What the exercise asks:
Repeat the full listing below verbatim and keep the images out.

═════ Recorded information ═════

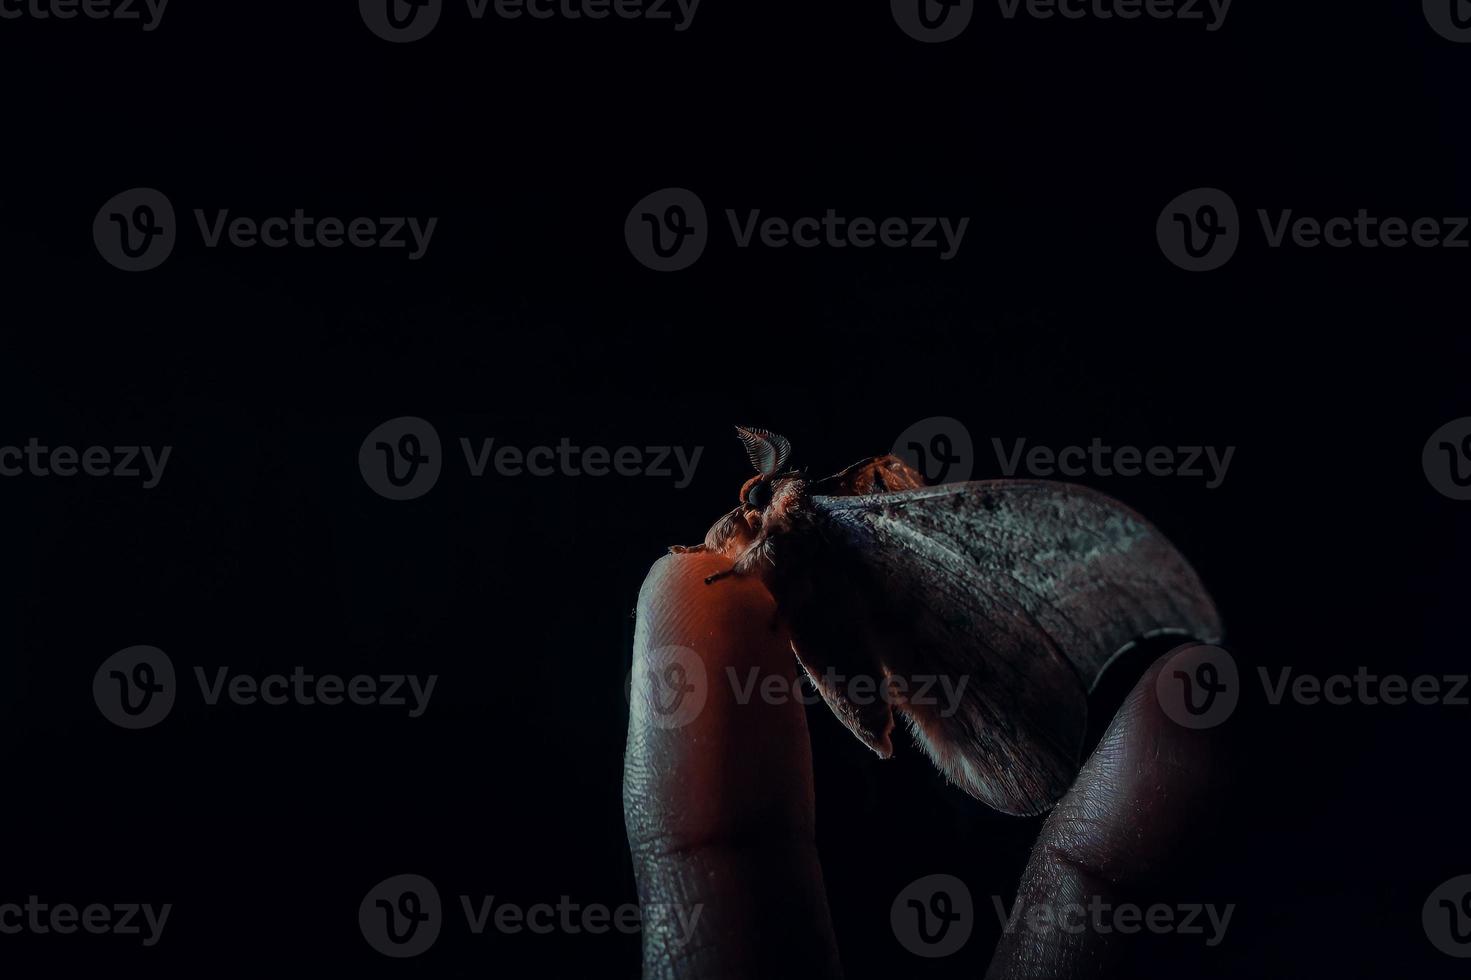 foto av en mal som vilar på en mans finger, med konceptet av ett lågmält foto så att det ger ett starkt och dramatiskt intryck. svart och mörk bakgrund.
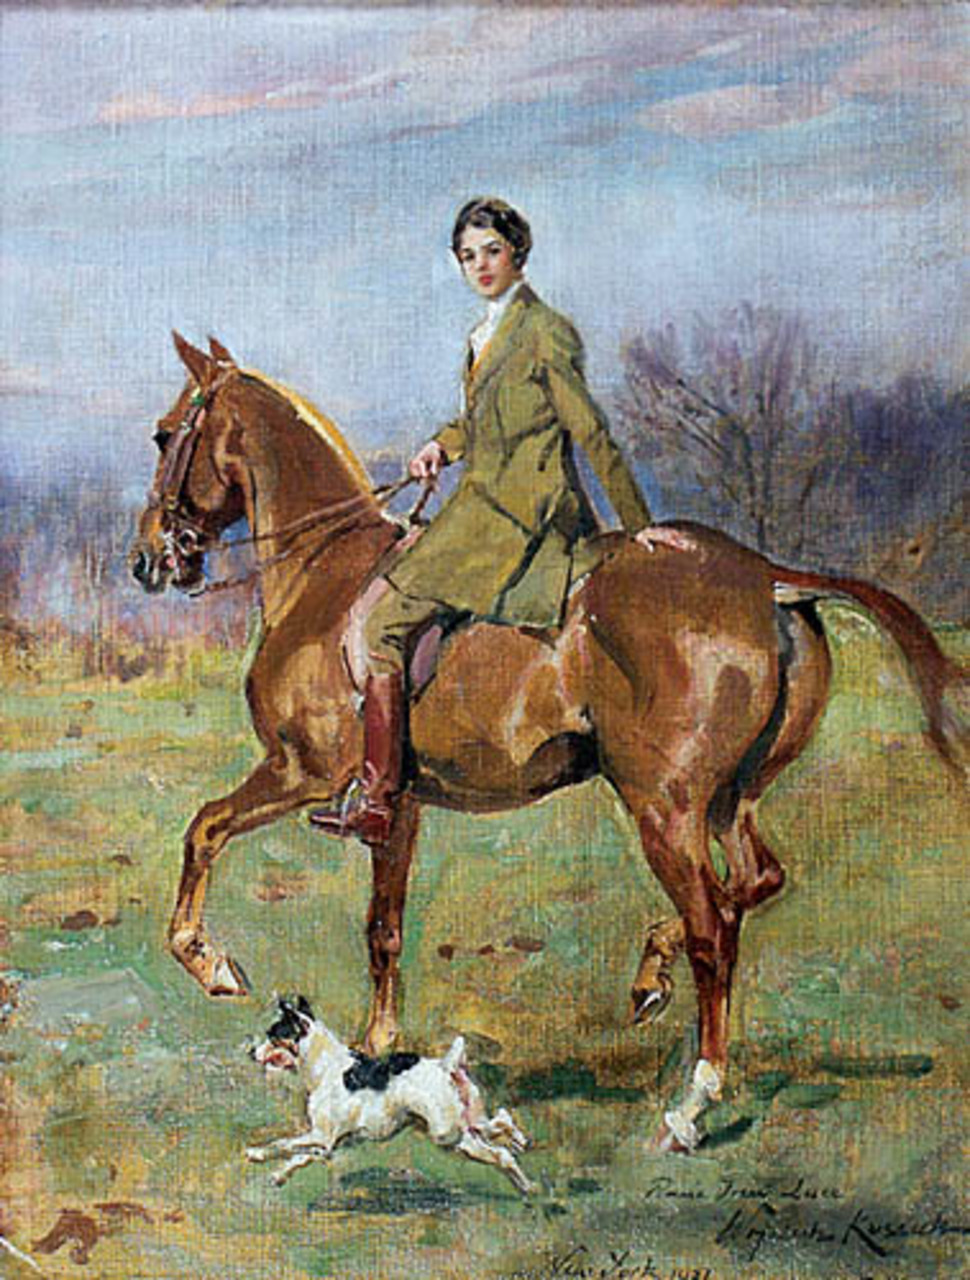 Wojciech Kossak (1856-1942), "Portret panny Ireny Luca na koniu", Nowy Jork, 1921 rok, źródło: Desa Unicum
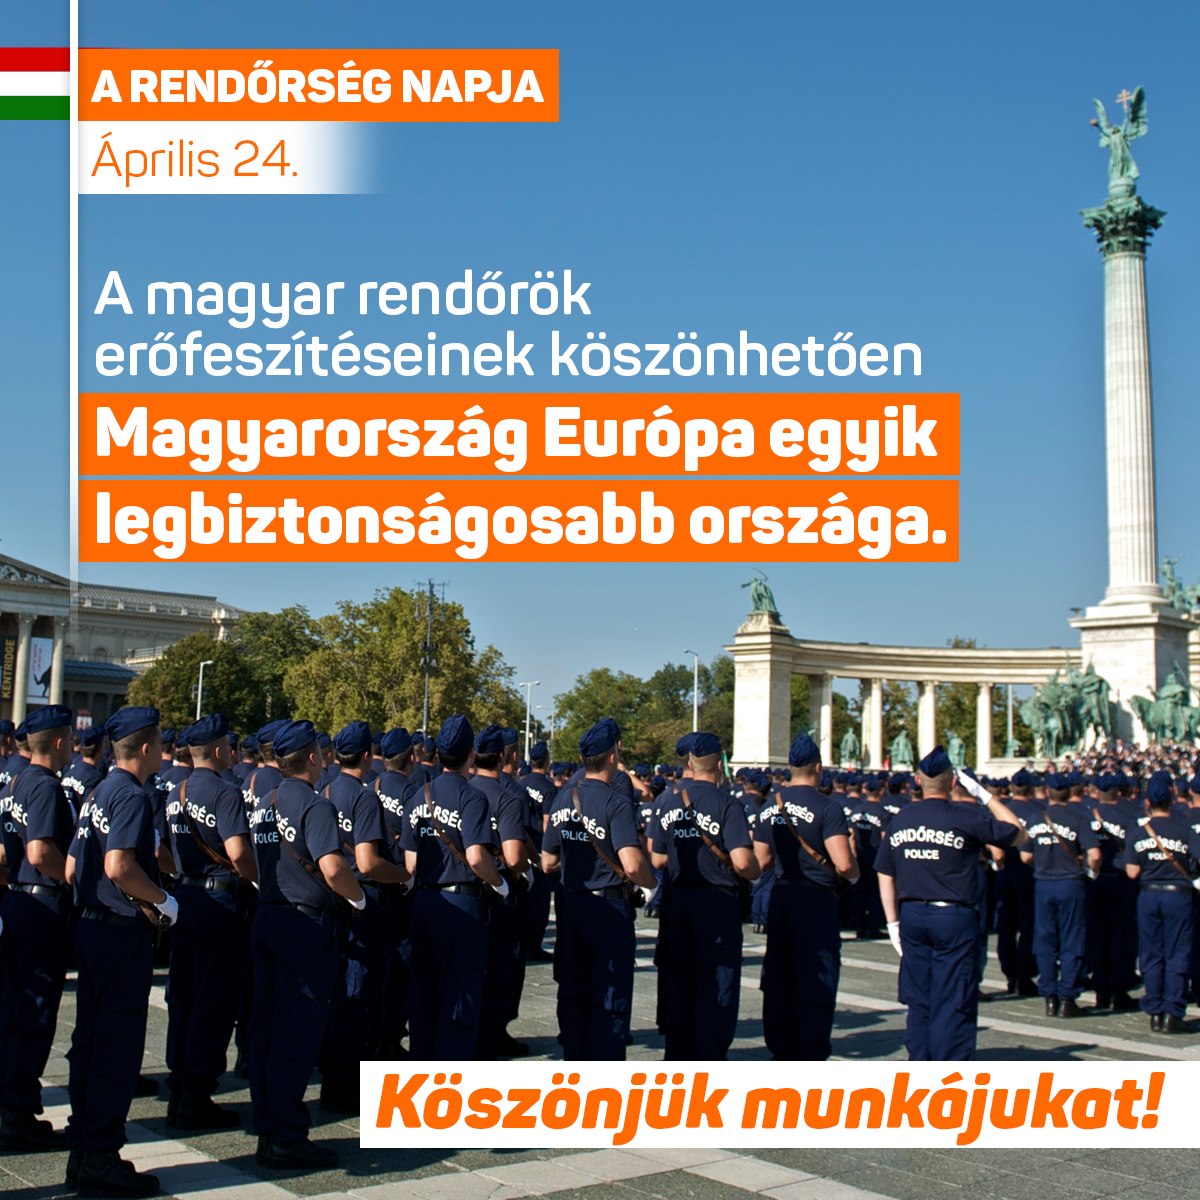 Ma van a rendőrség napja. A magyar rendőrök erőfeszítéseinek köszönhetően Magyarország Európa egyik legbiztonságosabb országa. Köszönjük munkájukat!

═════

Expected answer:
 foto av en mal som vilar på en mans finger, med konceptet av ett lågmält foto så att det ger ett starkt och dramatiskt intryck. svart och mörk bakgrund.
 Wojciech Kossak (1856-1942), "Portret panny Ireny Luca na koniu", Nowy Jork, 1921 rok, źródło: Desa Unicum
 Ma van a rendőrség napja. A magyar rendőrök erőfeszítéseinek köszönhetően Magyarország Európa egyik legbiztonságosabb országa. Köszönjük munkájukat!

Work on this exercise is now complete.